With Continental US Out of Reach, North Korea Threatens Guam

With Continental US Out of Reach, North Korea Threatens Guam
A man watches a TV broadcasting still photographs released by North Korea's state-run television KRT of North Korea's Hwasong-14 missile, at a railway station in Seoul, South Korea. (REUTERS/Kim Hong-Ji)
8/16/2017
Updated:
8/18/2017

North Korea’s recent threats to launch ballistic missiles at the U.S. territory of Guam might have been motivated by the fact that the missiles the regime currently possesses can’t reach the continental United States with a nuclear warhead. A newly released report suggests that North Korea’s July tests of its intercontinental ballistic missiles were an elaborate deception meant to exaggerate the capabilities of the regime’s weapons.

Last week North Korea said that it was looking into a plan to attack Guam with four intermediate-range ballistic missiles. The statement came just after U.S. President Donald Trump promised to unleash “fire and fury” if North Korea continued missile and nuclear weapon programs that are believed to be primarily targeting the United States.

North Korea conducted tests on July 4 and July 28 of its latest intercontinental ballistic missile (ICBM), the Hwasong-14, and claimed success in both tests. One of the most feared scenarios on the U.S. side is that an unstable North Korean regime might one day use such a missile to deliver nuclear warheads in an attack against cities across the continental United States.

Multiple news reports cited an unpublished U.S. Central Intelligence Agency analysis that says that although the Hwasong-14 test conducted on July 28 failed to demonstrate successful atmospheric reentry, the missile could conceivably reach targets in the continental United States if flown on a normal horizontal trajectory instead of the sharply vertical trajectory used during the test.

Many media outlets reacted to last month’s missile tests with alarming headlines, taking North Korea’s assertions at face value and suggesting that the communist dictator Kim Jong-un’s missiles can easily hit New York and Washington.

However, a new report released by the Bulletin of the Atomic Scientists last week analyzed the data from the two Hwasong-14 flight tests “based on detailed study of the type and size of the rocket motors used, the flight times of the stages of the rockets, the propellant likely used, and other technical factors.”

North Korean leader Kim Jong Un looks on during the test-fire of inter-continental ballistic missile Hwasong-14. (KCNA/via REUTERS)
North Korean leader Kim Jong Un looks on during the test-fire of inter-continental ballistic missile Hwasong-14. (KCNA/via REUTERS)

The report concluded that both tests “were a carefully choreographed deception by North Korea to create a false impression that the Hwasong-14 is a near-ICBM that poses a nuclear threat to the continental US.”

The missile’s good performance in the test was likely the result of “a reduced payload,” which was much lighter than a nuclear warhead.

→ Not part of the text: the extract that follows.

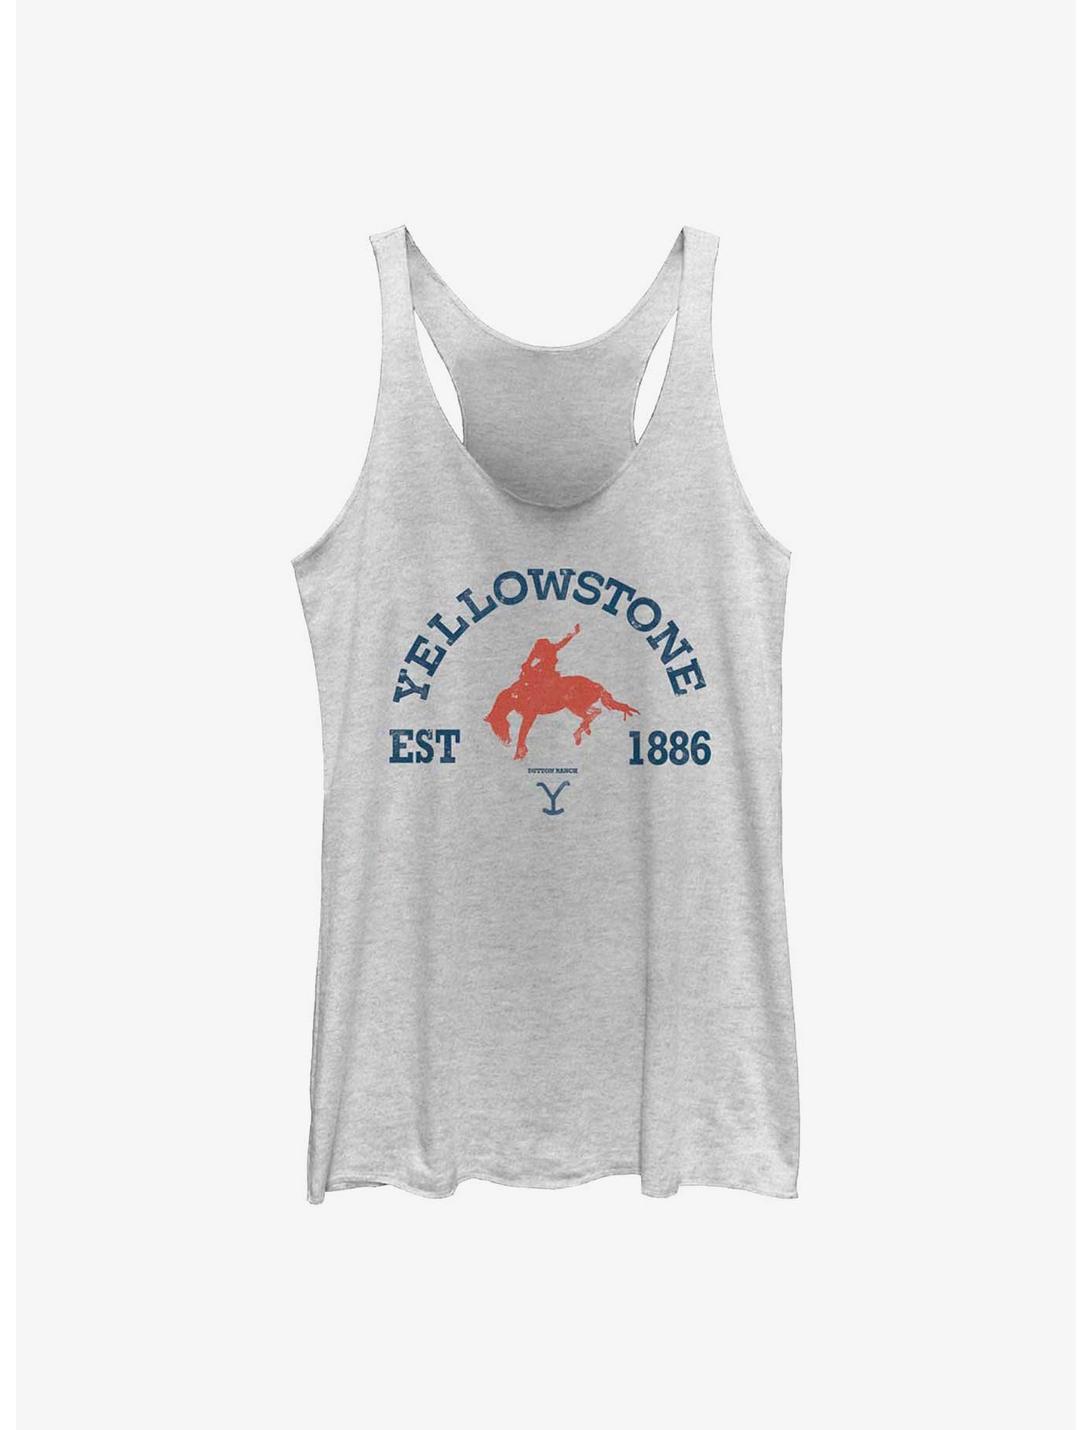 Yellowstone Stay Wild Womens Tank Top, WHITE HTR, hi-res

The second test on July 28 had an even smaller payload, according to the report.

While the characteristics of North Korea’s nuclear weapons designs remain unknown, the report estimated that the Hwasong-14, using the publicly reported burn times for the missile’s upper rocket stage, could deliver a nuclear warhead only as far as Anchorage, Alaska since it is doubtful that North Korea can develop any nuclear warhead that weighs less than 500 kilograms to 550 kilograms (1102 to 1112 pounds).

The report’s findings indicate that the North Korean regime is well-aware of the current limitations of its ballistic missiles, which it has repeatedly boasted to the outside world are most potent weapons of mass destruction.

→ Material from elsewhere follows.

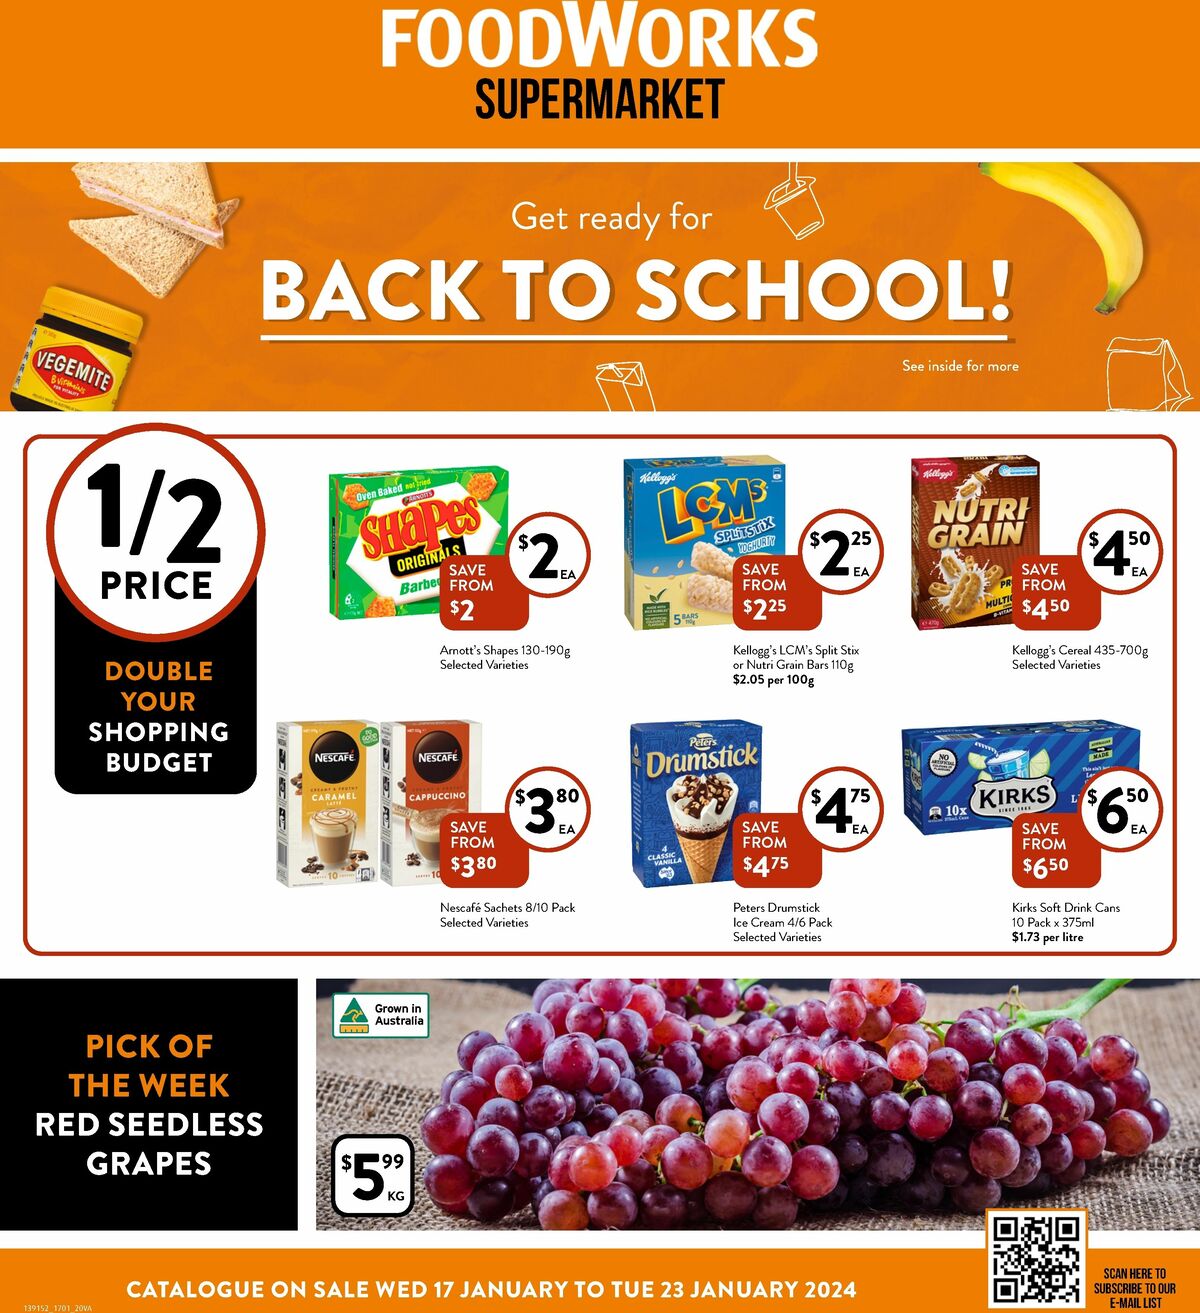 FoodWorks Supermarket Catalogues from 17 January

The shortcomings of North Korea’s current stage of weapon development may help explain why North Korea specifically threatened Guam. This island is the U.S. territory closest to Asia and is home to a naval base, an air force base, and a large number of U.S. troops. Only 2,100 miles south of North Korea, Guam is well within range of many of North Korea’s intercontinental and intermediate-range ballistic missiles.

The Bulletin of the Atomic Scientists report stresses that in the long run North Korea can be expected to overcome many, if not most, of the technical limitations currently faced by its nuclear and ballistic missile programs. Previously the U.S. Defense Intelligence Agency estimated that North Korea could have a fully-workable, nuclear-tipped ICBM capable of reaching the continental United States by 2018.

Meanwhile, for the moment, the threats against Guam are off, according to an announcement by Pyongyang’s state media on Aug. 14. The decision by Kim Jong-Un to back away from his threatening posture came hours after China announced  it would support UN sanctions on North Korea, suggesting there is more than one way to shoot down an ICBM.